In summary, molecular docking and MD experiments have demonstrated that Quercimeritrin can dock in the active pockets of enzymes and generate intermolecular forces with some amino acid residues. These interactions allow enzymes and Quercimeritrin to form more stable and compact structures, preventing other substrates from binding to enzymes and, thus, inhibiting enzyme activity.

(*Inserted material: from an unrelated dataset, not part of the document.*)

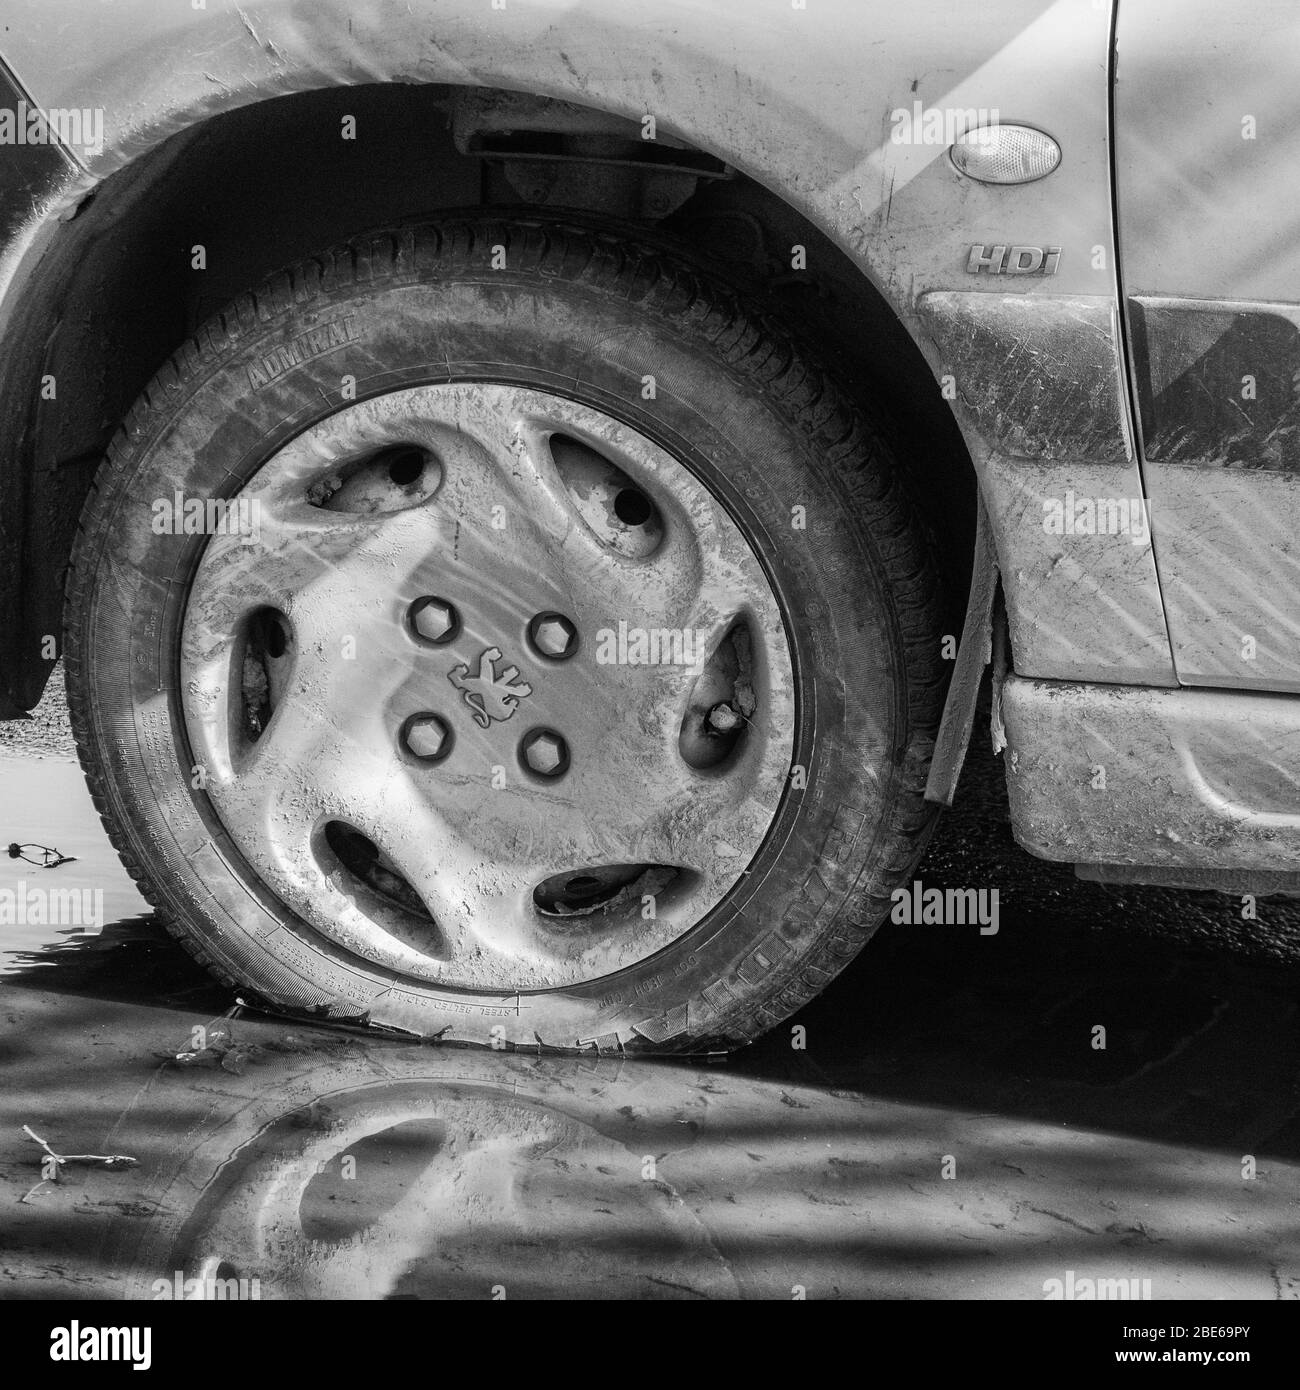 Noir et blanc éclatant de la roue / pneu et de la voûte d'une voiture Peugeot, avec le logo Peugeot marquelion visible sur le chapeau. IDH mais modèle précis inconnu. Banque D'Images

3.8. Quercimeritrin Effect on Postprandial Blood Glucose in Mice

We subsequently examined the impact of Quercimeritrin on blood glucose levels in an in vivo starch load test to confirm if the inhibitory effect of Quercimeritrin on α-glucosidase was the same as that of in vitro investigations. α-Amylase hydrolyzes starch into maltose, and α-glucosidase hydrolyzes maltose into glucose, causing postprandial blood sugar to rise. As a result, blood glucose levels following oral maltose indirectly reflect the activity of α-glucosidase and/or α-amylase. According to Figure 6a, blood sugar levels in starch-fed mice increased gradually over the first 0.5 h, peaking at 1 h, before decreasing and eventually approaching fasting blood glucose levels. The hypoglycemic ability of the LD group was similar to that of the acarbose group, whereas the postprandial blood glucose level of the HD group of treated mice was significantly lower than that of the control and acarbose groups (Figure 6a).

The changes in blood glucose in mice were expressed as an area under the glucose curve (AUC). As shown in Figure 6b, acarbose (100 mg/kg) reduced the glucose AUC of diabetic mice by 20.31% (43.0 mmol/(L*h)), 19.0% (43.7 mmol/(L*h)) for Quercimeritrin (100 mg/kg), and 24.5% (40.7 mmol/(L*h)) for Quercimeritrin (200 mg/kg). These results indicate that Quercimeritrin can significantly inhibit postprandial hyperglycemia in diabetic mice at the in vivo level, which is consistent with the results of in vitro inhibition experiments.

4. Conclusions

In this study, we investigated the inhibitory activities of 12 flavonoid glycosides on α-amylase and α-glucosidase and found that some flavonoid glycosides with specific structures could meet the need for selective inhibition of the two starch-digesting enzymes. The glycoside group at A7 and the OH groups at B5′ and B4′ are conducive to the inhibition of α-glucosidase. TheOH groups at A6, C3, B4′, and B5′ are favorable for the inhibition of α-amylase. In addition, in vitro and in vivo experiments jointly verified that Quercimeritrin can be used as a highly effective selective inhibitor of α-glucosidase. Its selective inhibition mechanism is as follows: Quercimeritrin has a higher affinity for α-glucosidase and interacts with amino acid residues in the active pocket of α-glucosidase through noncovalent bonds (mainly hydrogen bonds), resulting in conformational changes of the enzyme to form an enzyme–Quercimeritrin complex, which plays an inhibitory role. In the future, in addition to developing more effective selective inhibitors, we need to determine how to apply selective inhibitors of α-glucosidase to achieve slow but complete digestion of starch, eliminating the side effects of existing inhibitors while smoothly controlling postprandial blood glucose.